Search engines like Google want to ensure that the quality of the web pages that show up in their search results are high, and that search engine users will be satisfied with them. If their document (web page) analysis shows strong signals that indicate poor-quality content, it can negatively impact the rankings and visibility of those web pages online.
There are many different ways to analyze content quality, and it’s hard to know exactly what the search engines use, but in this article I’ll explore what we do know about what Google is doing in this area, as well as many other concepts that you can use to think about your own web page quality.
What We Know About How Google Evaluates Content Quality
So, what are the signals and related search updates that apply to document analysis? Besides content quality, a brief list would include reading level, keyword usage (stuffing), content “sameness,” ad density, page speed, and finally, language analysis factors.
In the end, for search engines, document analysis is about improving the search user’s experience. Let’s break it down.
The Panda Algorithm
When “content quality” is mentioned, nearly everyone involved in SEO immediately thinks of the Google search ranking algorithm update, Panda.
Since its introduction in February 2011, Panda went through several iterations before finally being folded into Google’s core search ranking algorithm nearly five years later, in January 2016.
Google’s Panda algorithm originally targeted “shallow or low-quality content” represented by the many content farms of the day, as well as websites that “scraped” (copied) others’ content or had “low levels of original content.”
Of course, Panda still takes aim at such obvious web spam by demoting search rankings, but the algorithm is much more sophisticated today. Now that Panda has become “baked” into Google’s overall search ranking algorithm, it’s become an integral part of weighing content quality factors via document analysis.
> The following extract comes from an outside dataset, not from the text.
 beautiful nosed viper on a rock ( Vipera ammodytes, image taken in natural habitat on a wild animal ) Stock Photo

And one obvious tip-off indicating low-quality content in document analysis is poor editorial quality. Let’s look at some other factors that might go into web page quality.
Manual Review by Google’s Quality Raters
In 2001, the first version as we knew it of Google’s “Search Quality Rating Guidelines” was leaked on the web (some speculate intentionally). Google’s search evaluation team uses this internal guide to manually review and rate the quality of web pages.
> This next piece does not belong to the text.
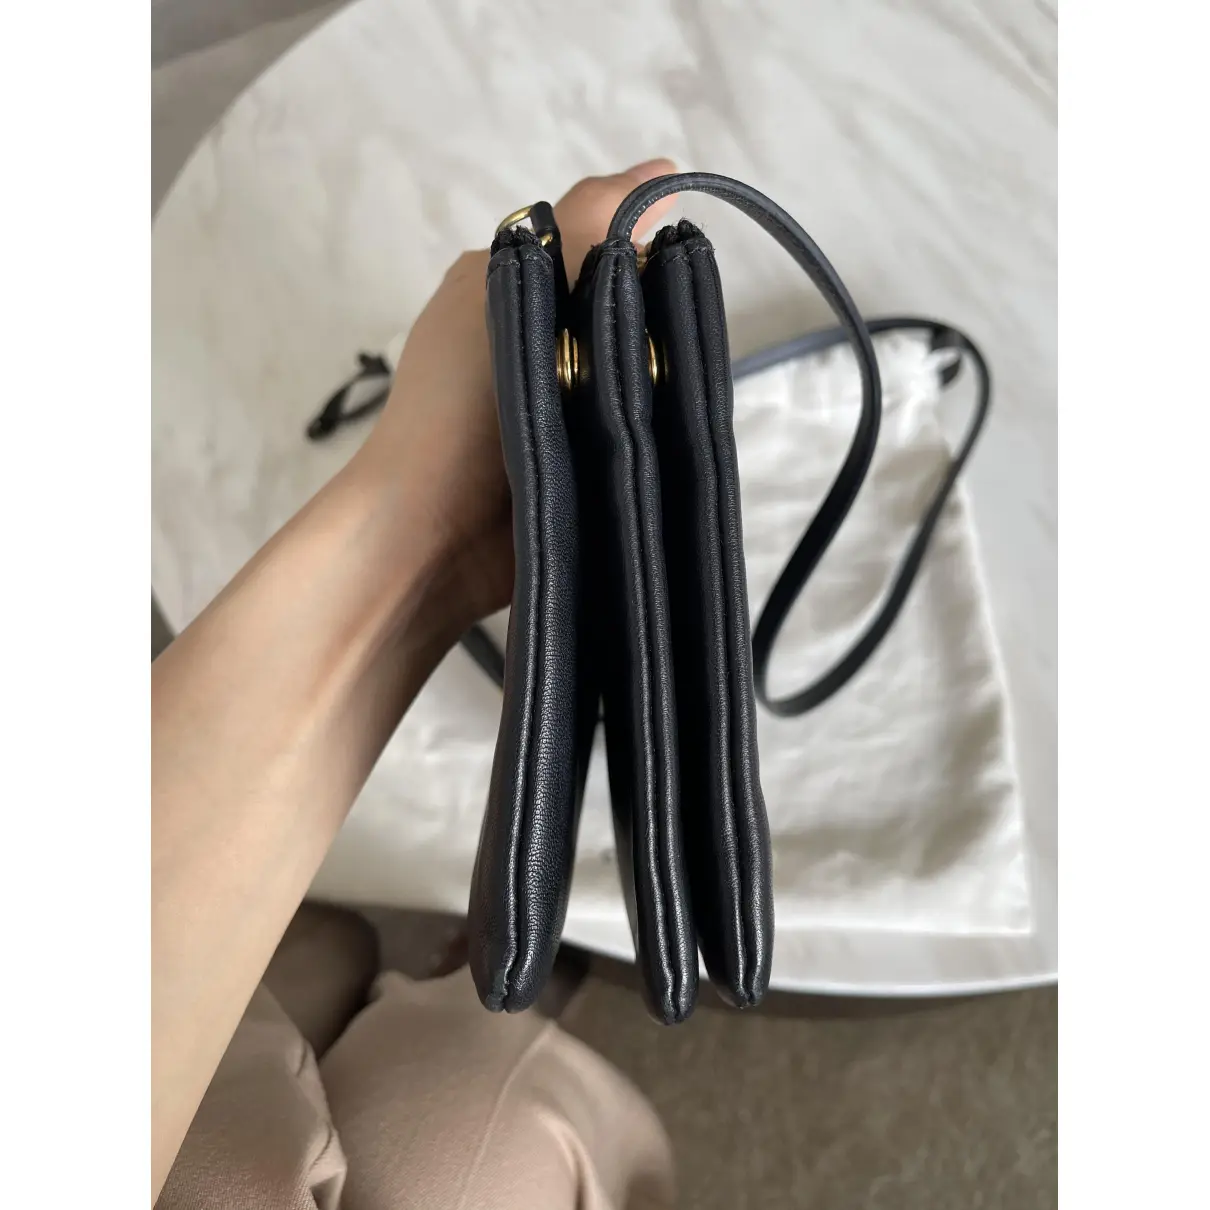 Buy Celine Trio leather bag online

The purpose of the search evaluation team and the manual is to determine what quality looks like, and in turn, use those benchmarks as a feedback loop for Google engineers responsible for developing ranking algorithms.
For example, if an engineer has an idea for tweaking the algorithm, the search evaluation team can help determine if that change has actually improved the search results.
Since that first leak of the Search Quality Rating Guidelines, several other, more current versions also surfaced on the web until Google finally made its full manual officially available to the public, starting in 2015 with several updates since.
Keyword Stuffing and “Vanilla” Content
Keyword stuffing is now so passé that it seems barely worth a mention. A relic of the AltaVista search engine of days of old, it refers to repeating the same keyword over and over on a web page to achieve higher rankings for the term.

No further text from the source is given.